Everything from the "Architects in Breda - Top" line to the final line of the listing should be written out exactly. Skip the pictures.

Segment Start: Data segment

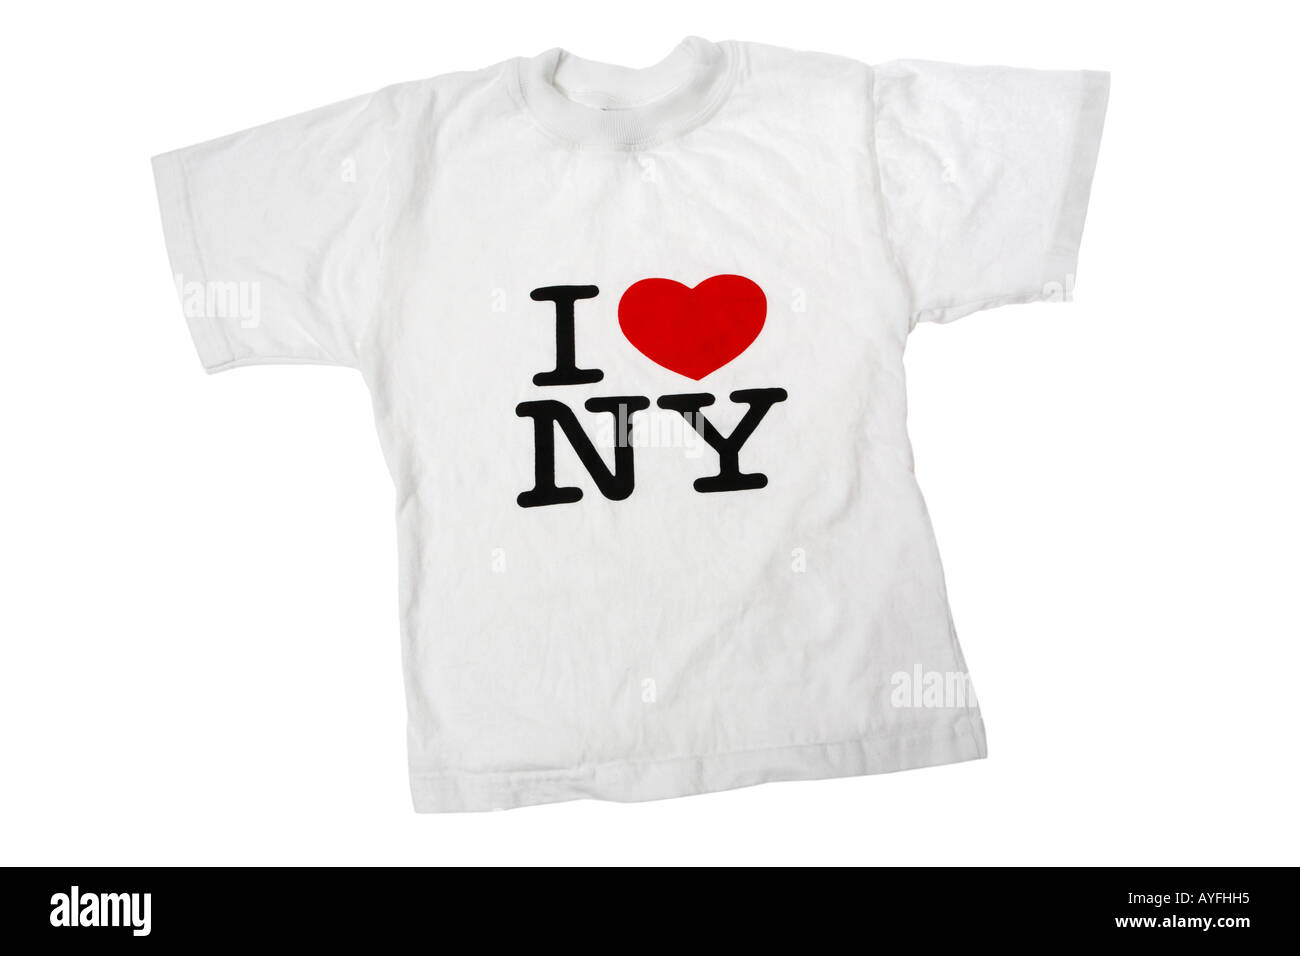 I Love New York  Souvenir T-Shirt - Stock Image
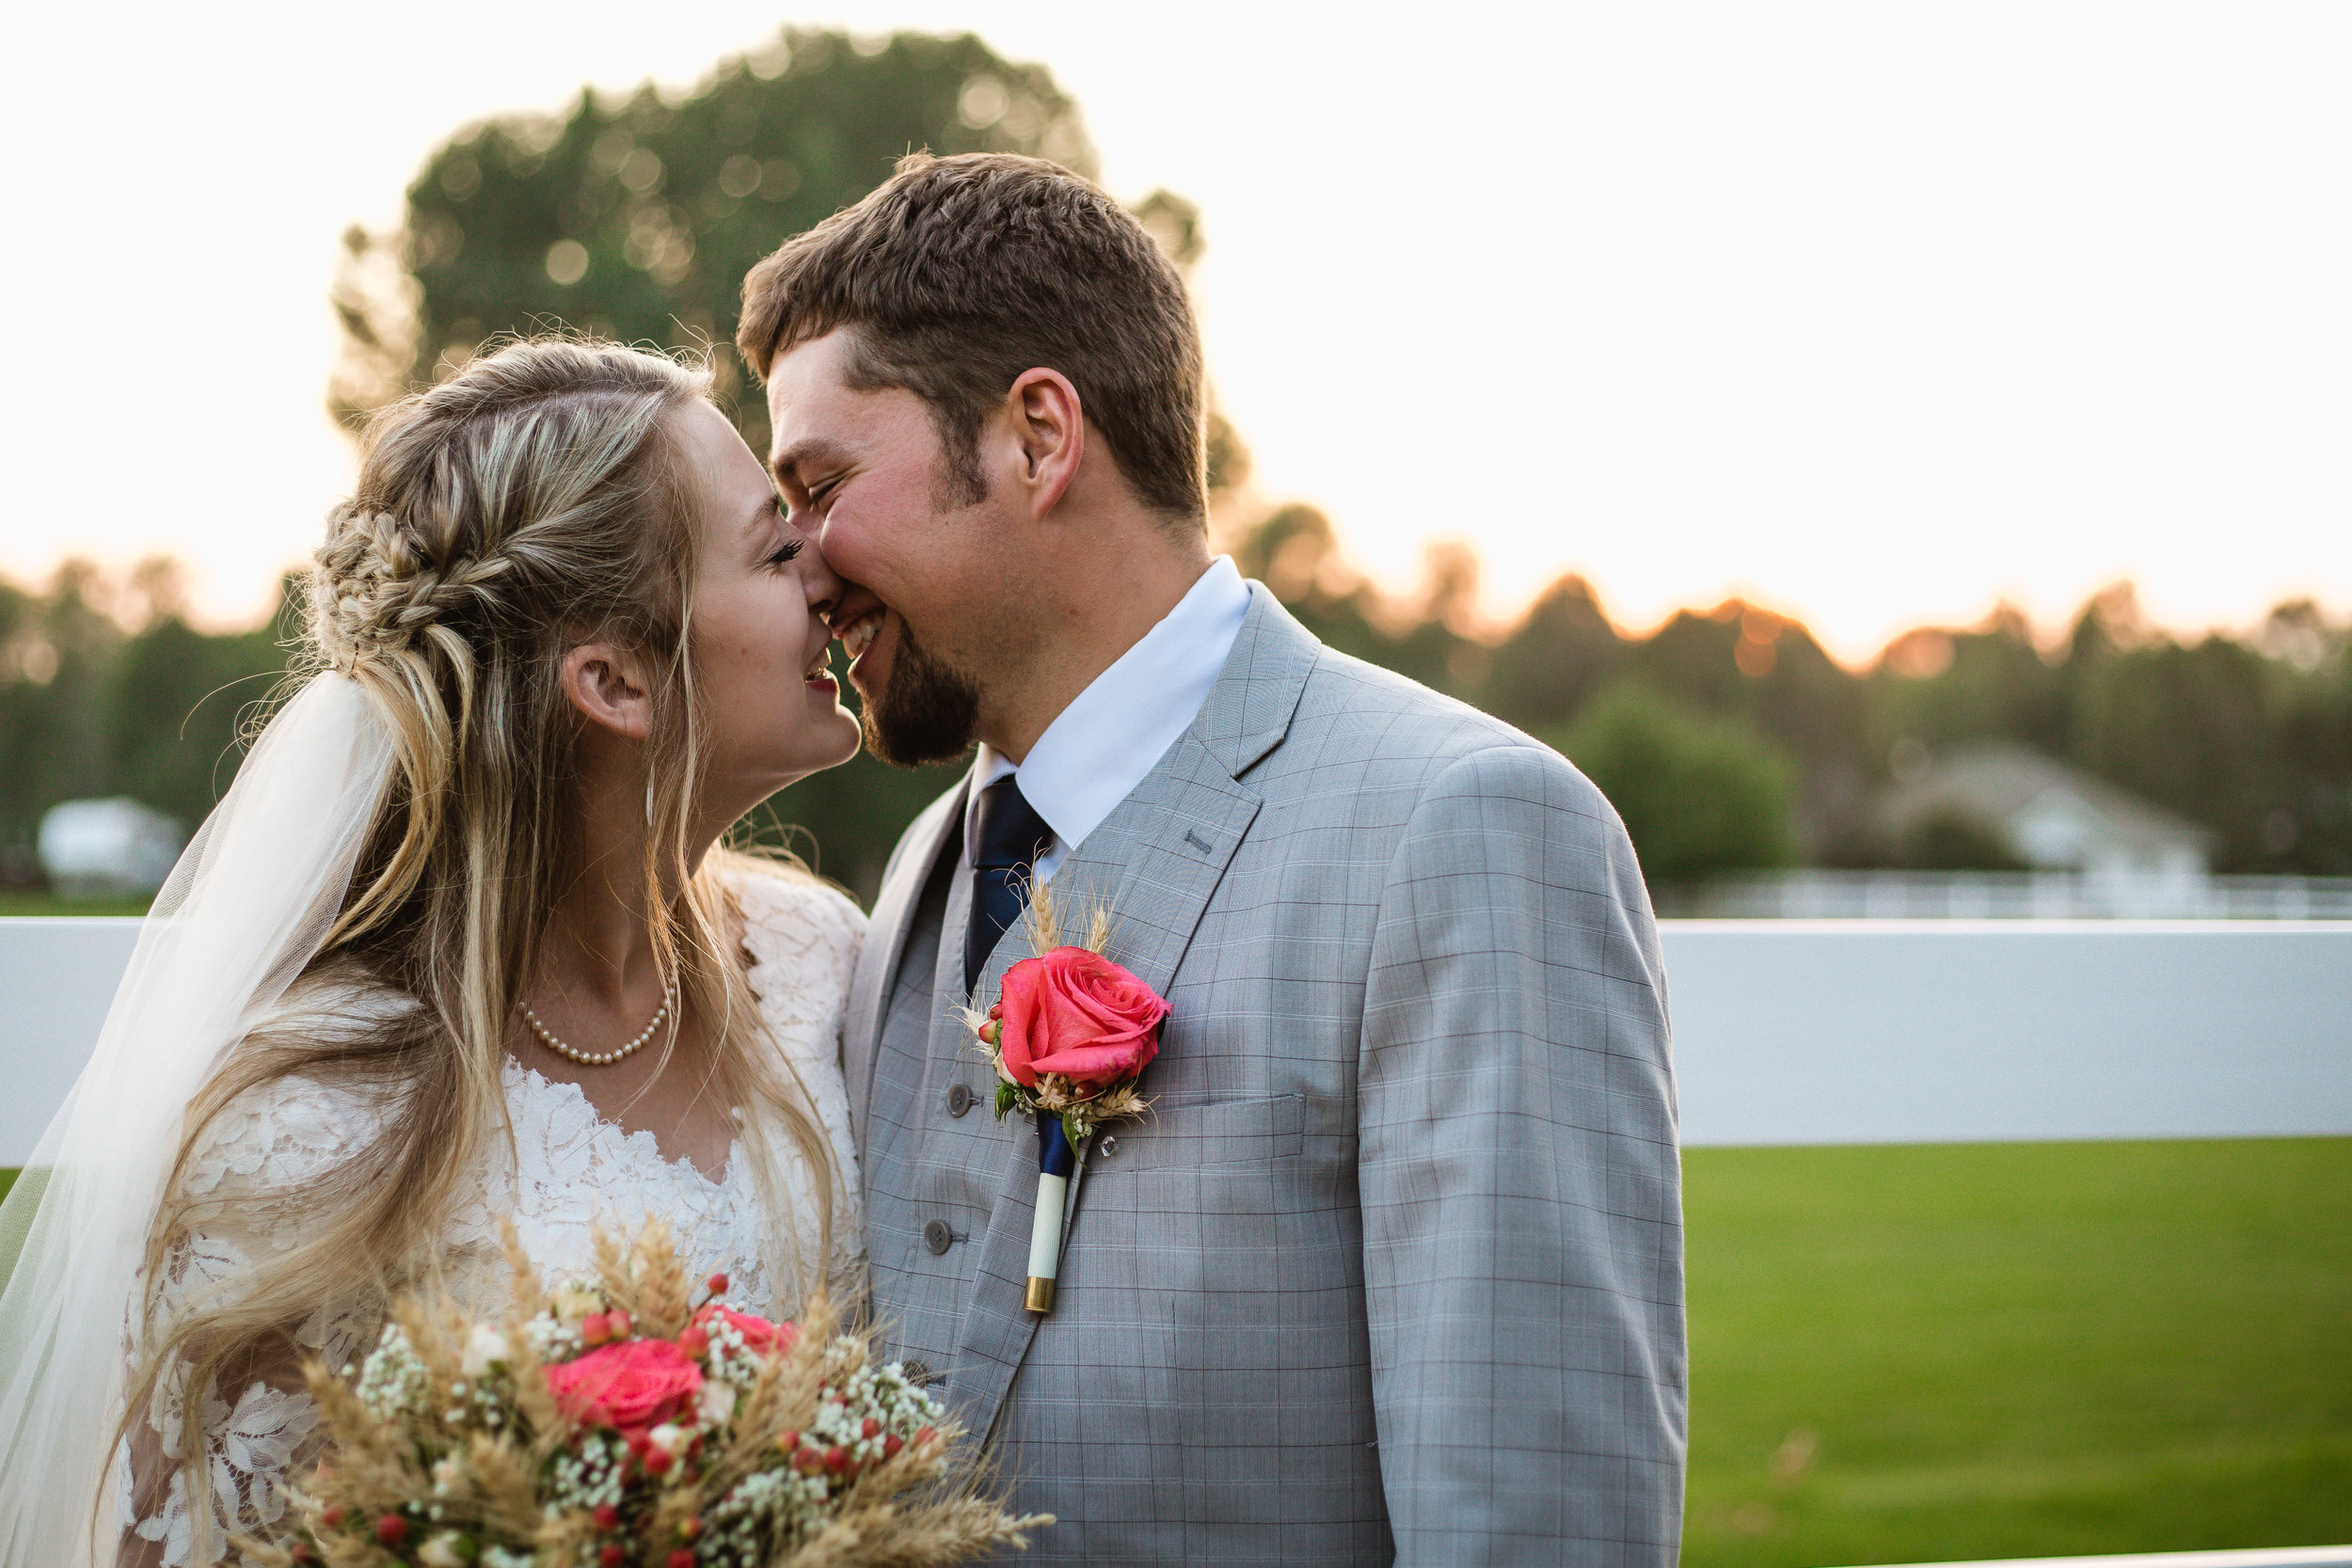 Courtney Volksen Photography   Idaho Falls bridal & wedding photographer at a  country wedding
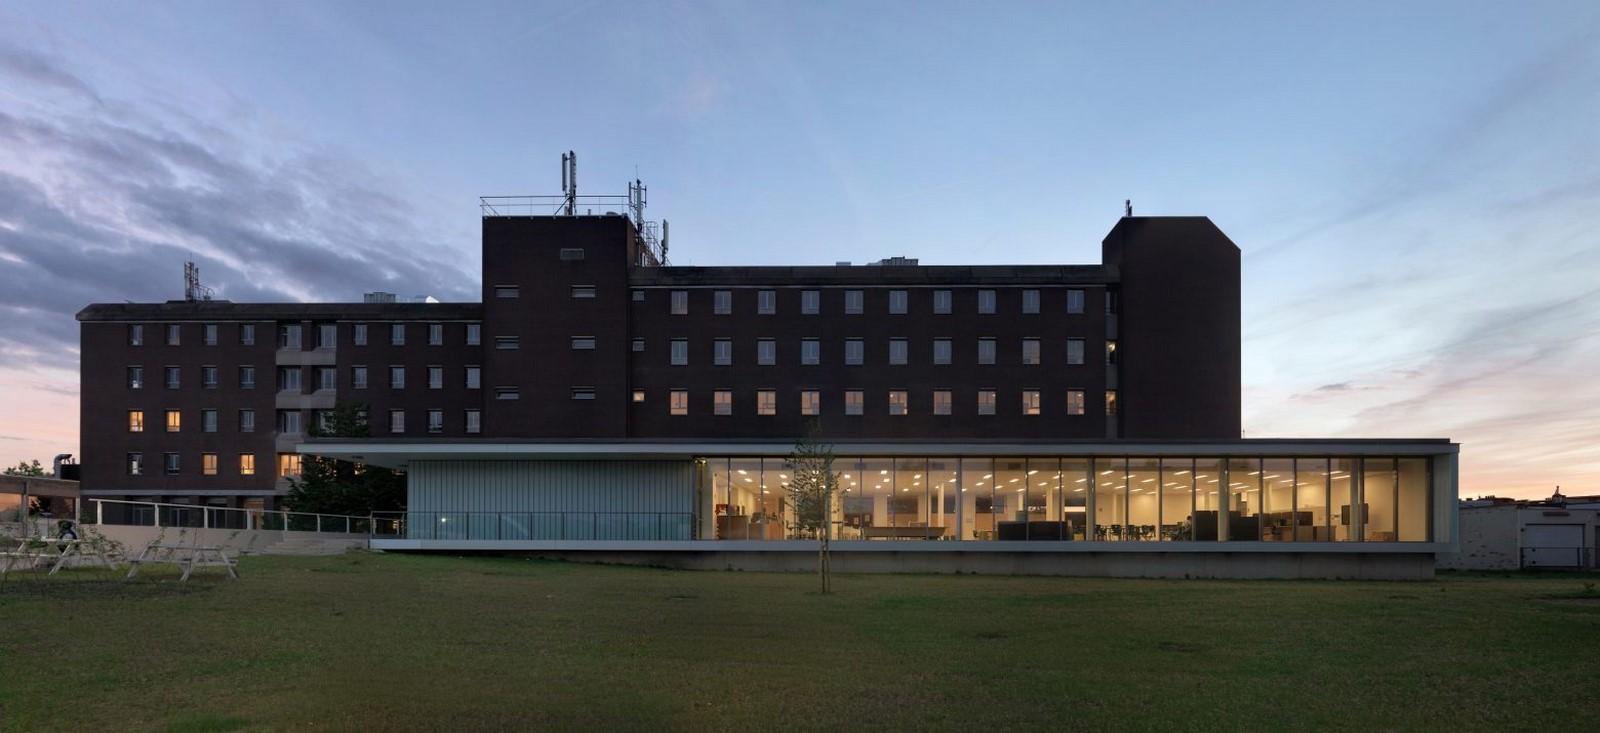 Architects in Breda - Top 55 Architects in Breda - Sheet22
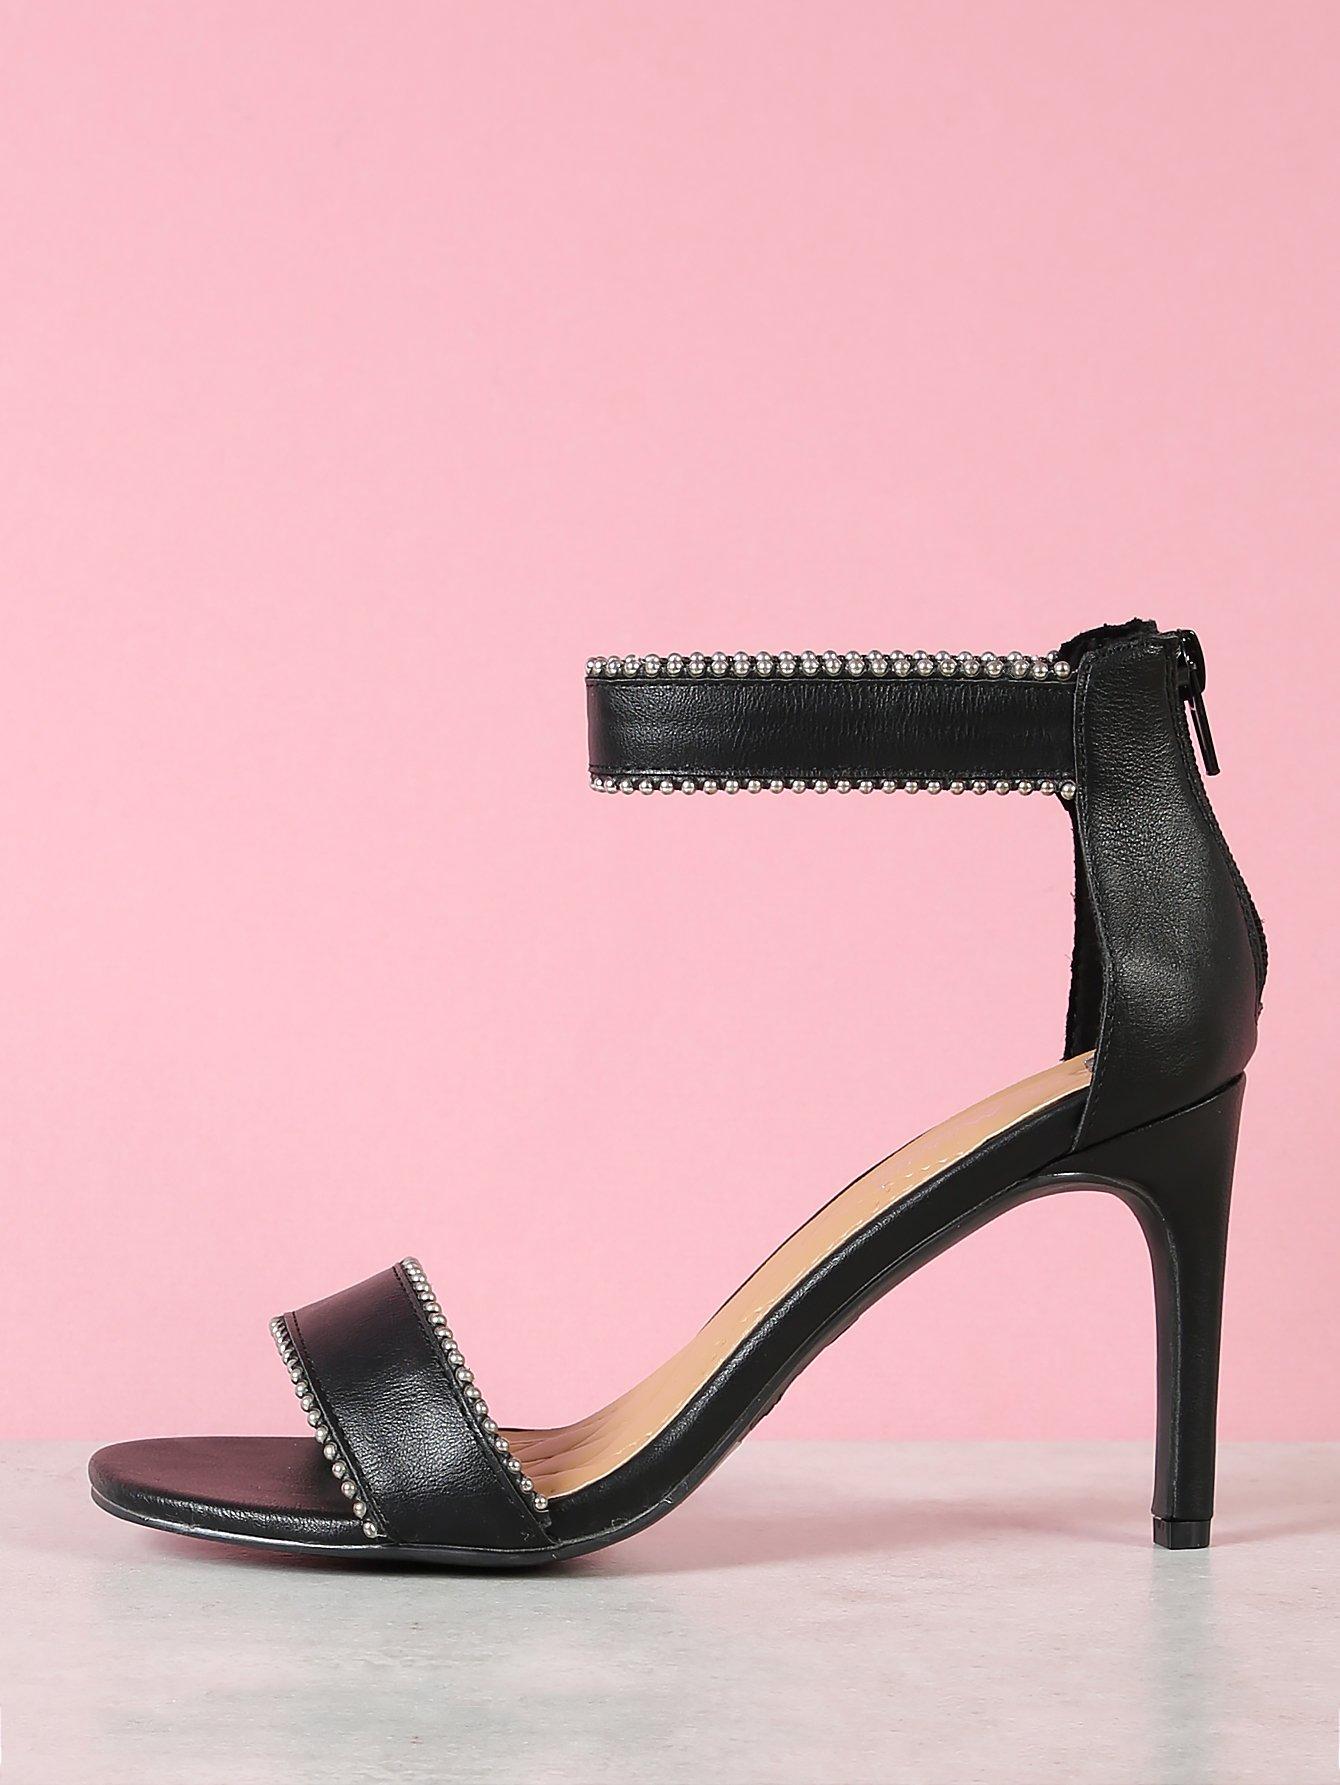 Beaded Ankle Strap Open Toe Single Sole Heels mix color causal wedge high heels women sandals platform ladies shoes open toe ankle strap womens heels size 11 women heels

Segment End: Data segment

● Solution
 Architects in Breda - Top 55 Architects in Breda - Sheet22
 Beaded Ankle Strap Open Toe Single Sole Heels mix color causal wedge high heels women sandals platform ladies shoes open toe ankle strap womens heels size 11 women heels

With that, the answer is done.